- **DATA SEGMENT**
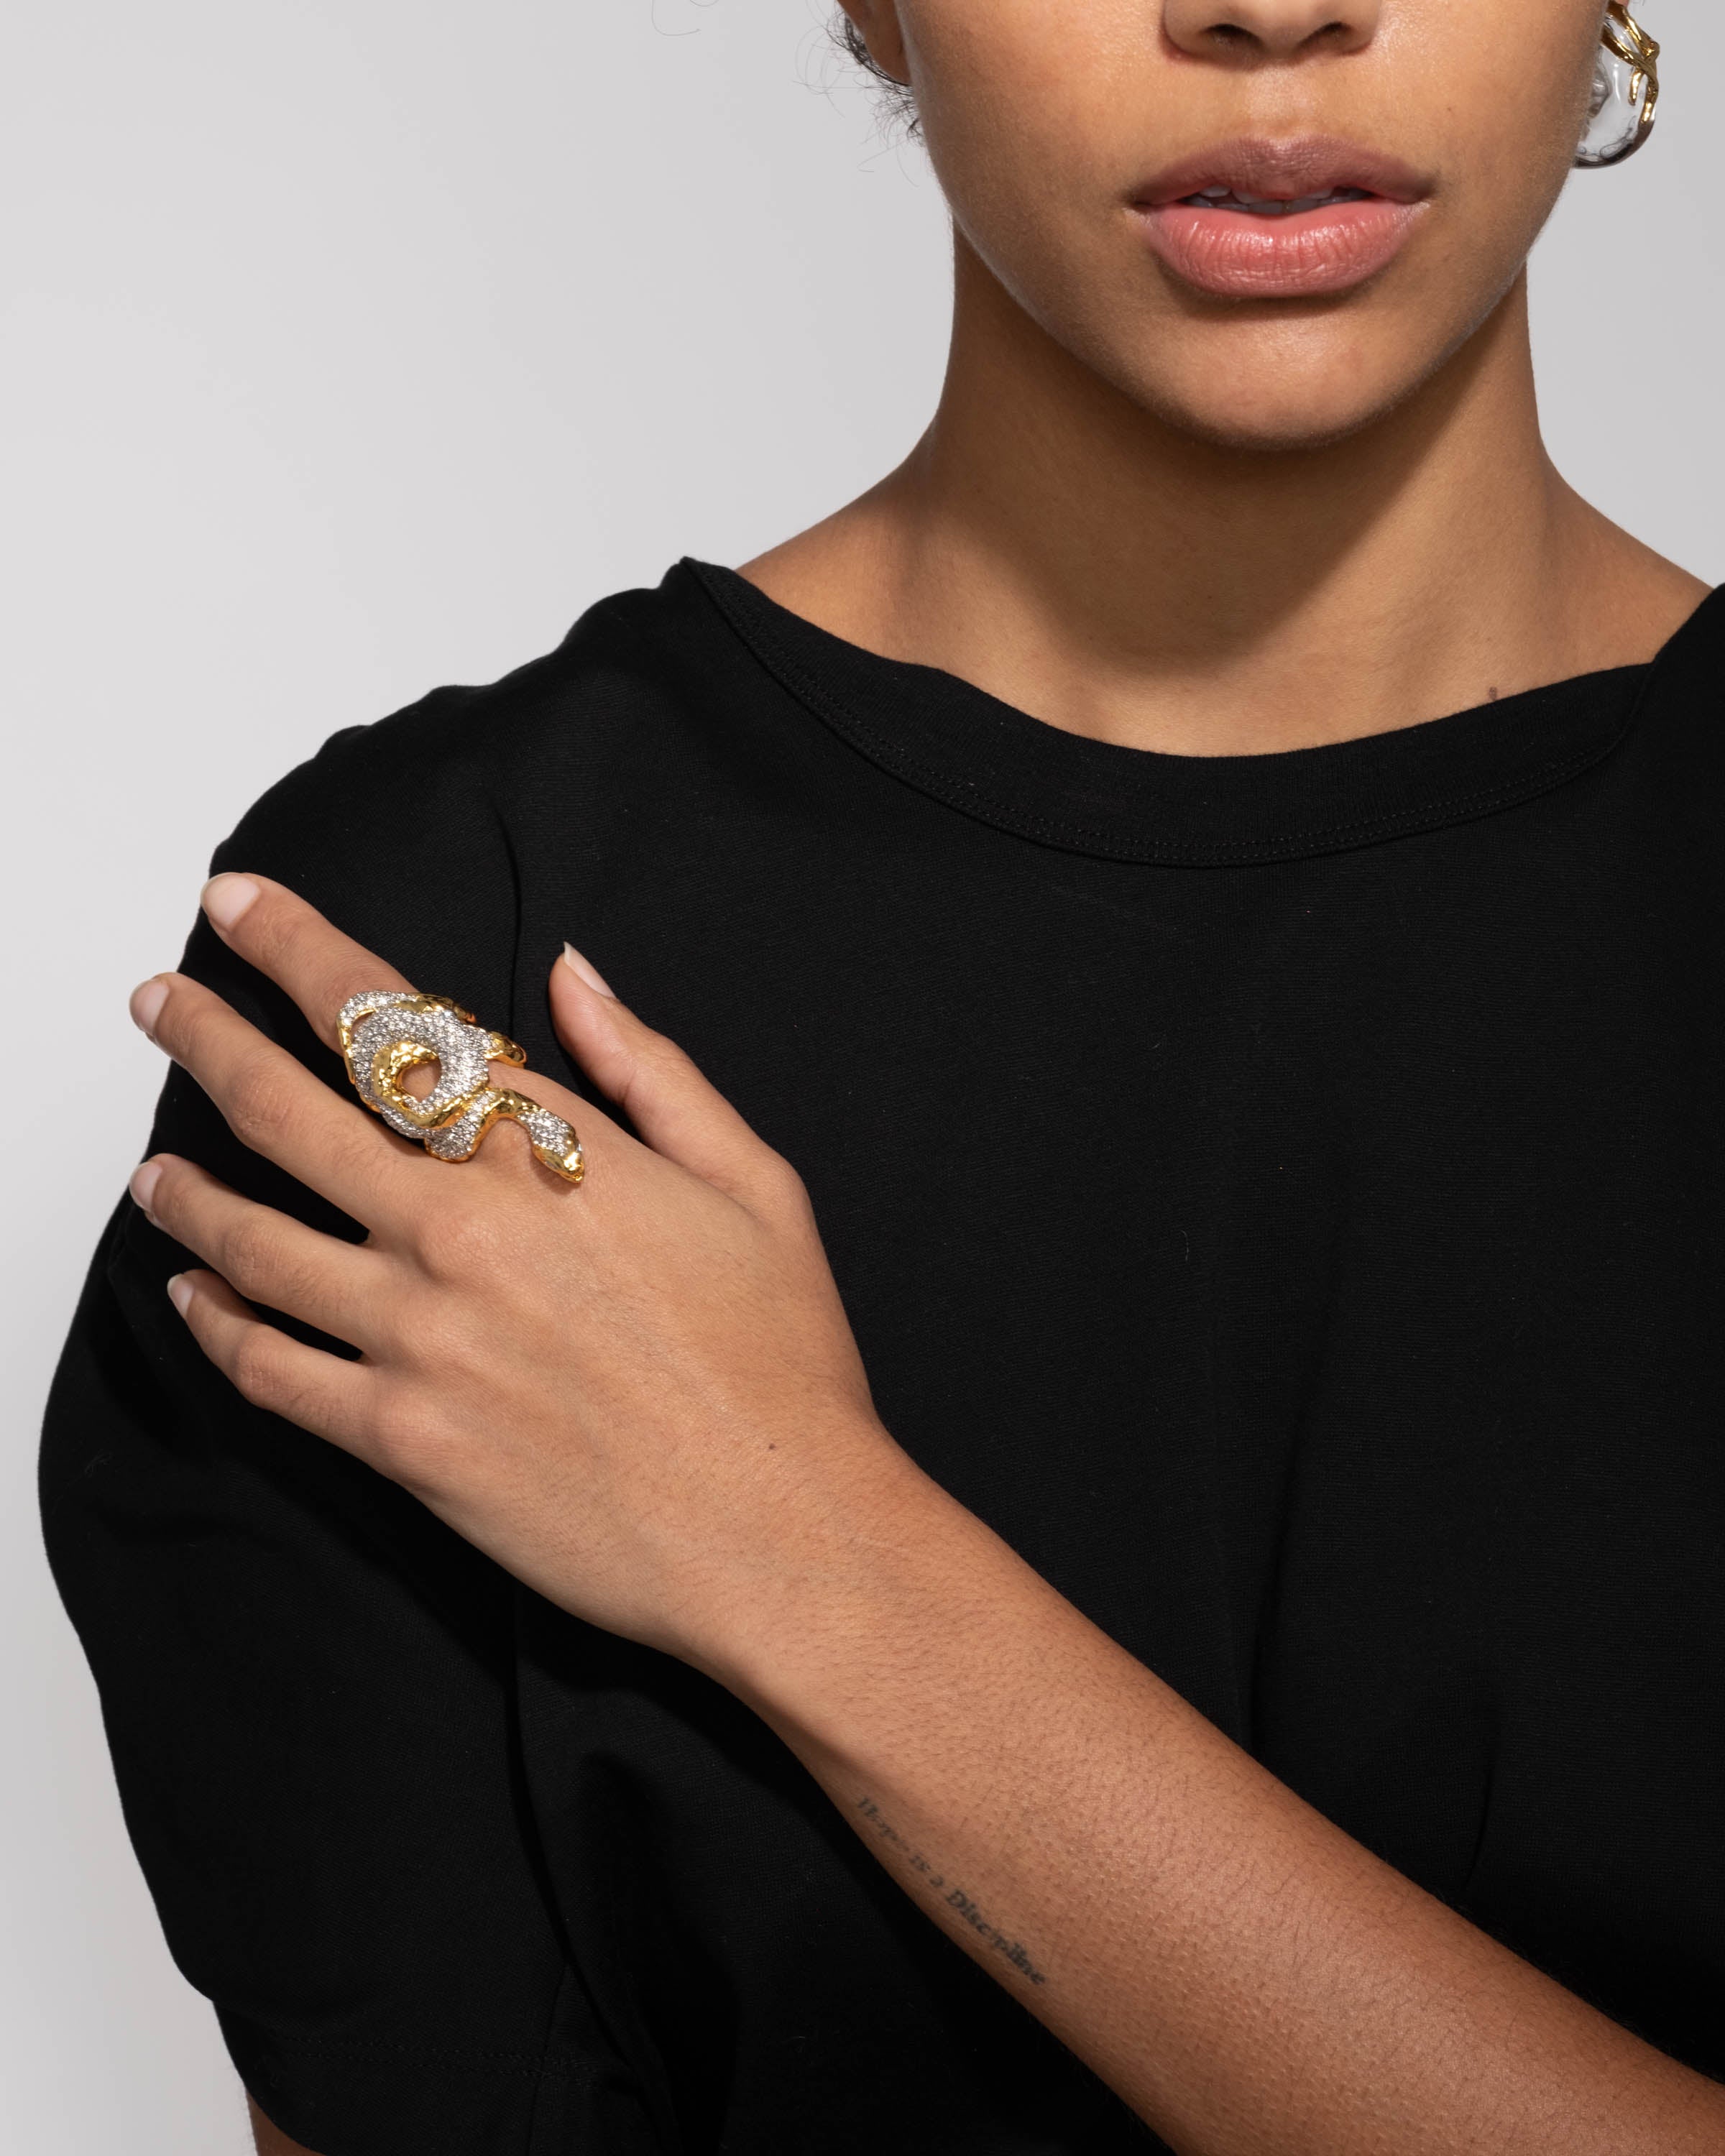 SWATCH BIJOUX LOVE Explosion Pearls Ring - Original Swatch Jewelry - size 6  £29.99 - PicClick UK
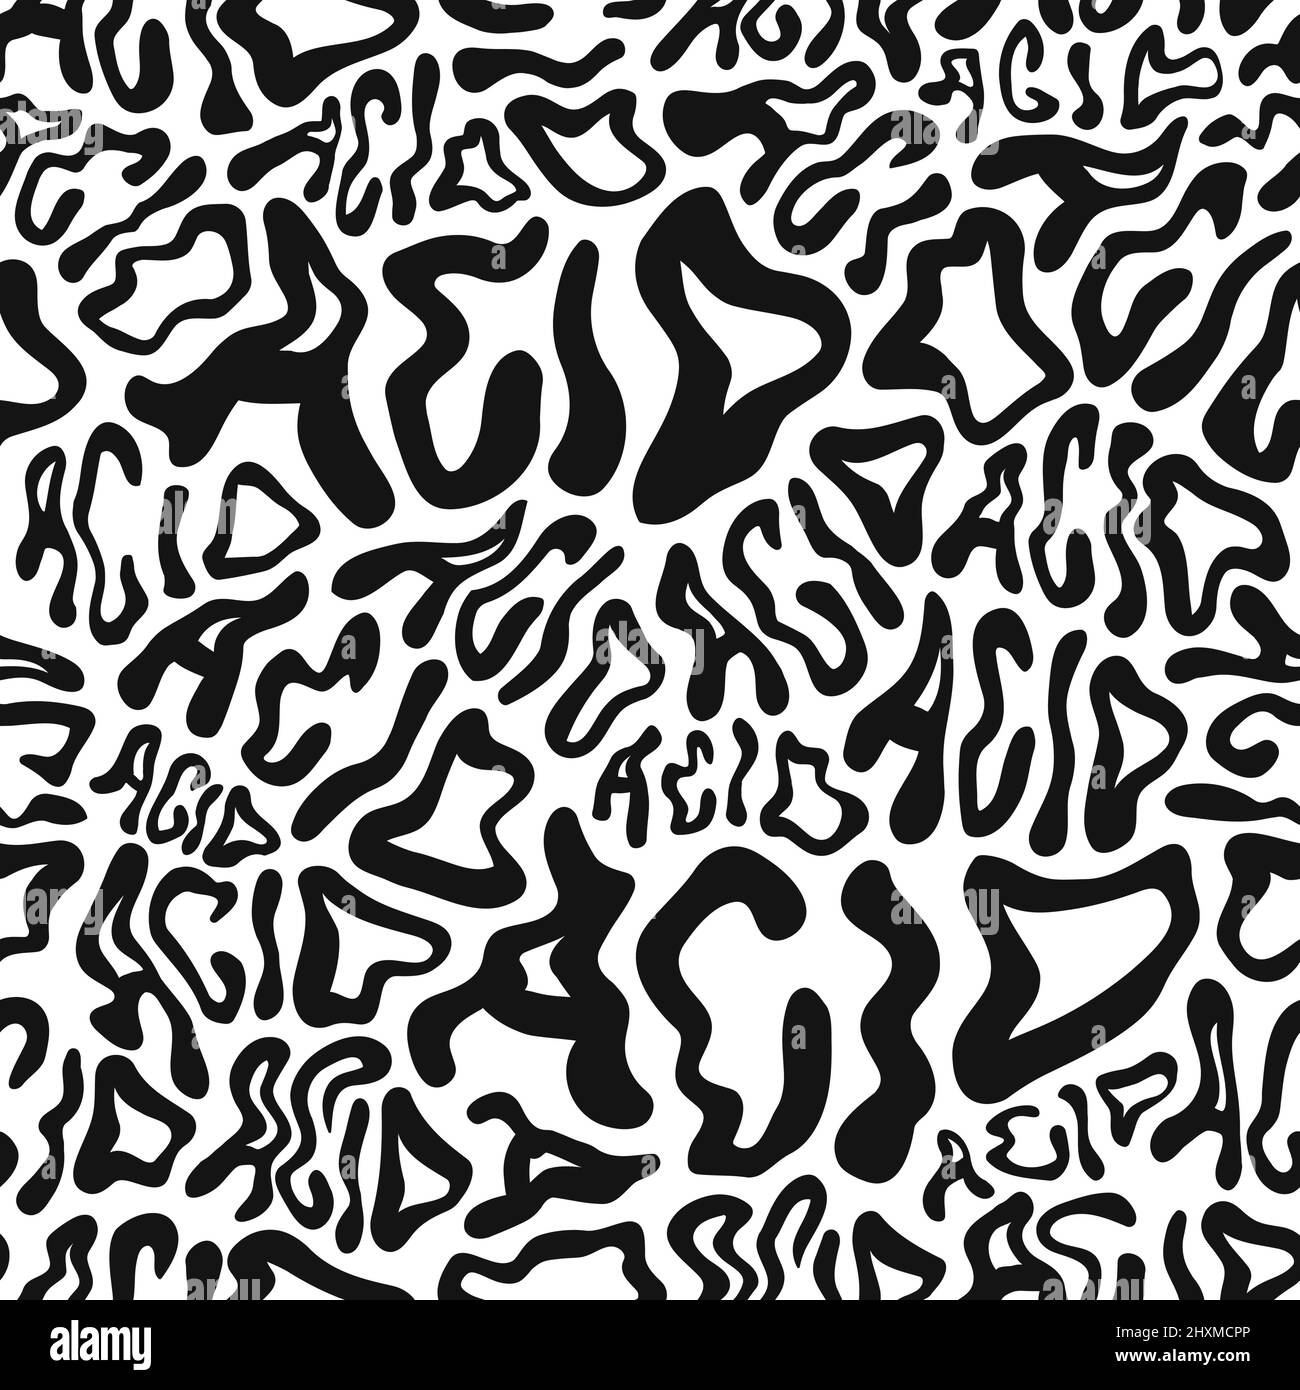 Deformierte gewellte Säure Wort nahtlose Muster Wallpaper.Vector Grafik Charakter Illustration.LSD, surreal, Säure, trippy Schriftzug nahtlose Muster Tapete Print-Konzept Stock Vektor
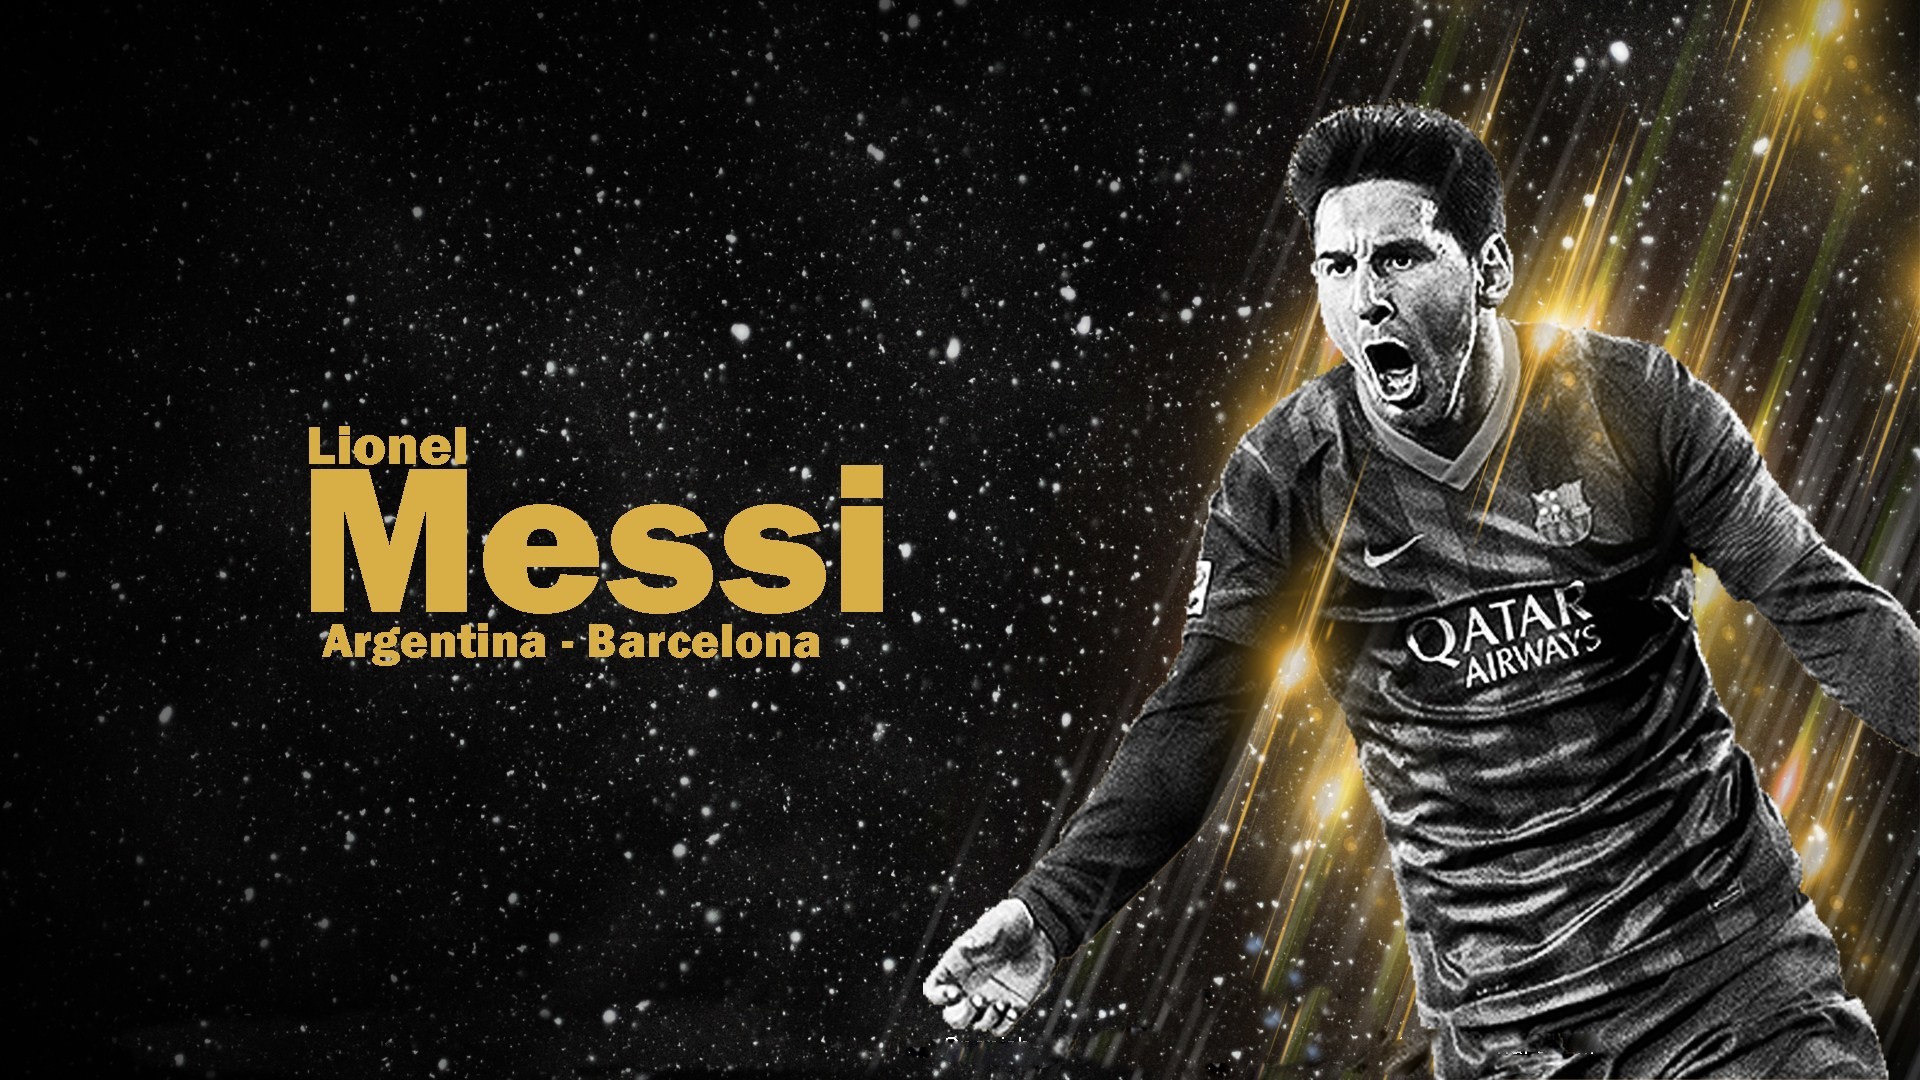 1920x1080 Lionel Messi barcelona Wallpaper. Messi hd photos

- **TASK TO CARRY OUT**
Copy every line of the data word for word, omitting the images.

- **COMPLETED EXERCISE**
 SWATCH BIJOUX LOVE Explosion Pearls Ring - Original Swatch Jewelry - size 6  £29.99 - PicClick UK
 Deformierte gewellte Säure Wort nahtlose Muster Wallpaper.Vector Grafik Charakter Illustration.LSD, surreal, Säure, trippy Schriftzug nahtlose Muster Tapete Print-Konzept Stock Vektor
 1920x1080 Lionel Messi barcelona Wallpaper. Messi hd photos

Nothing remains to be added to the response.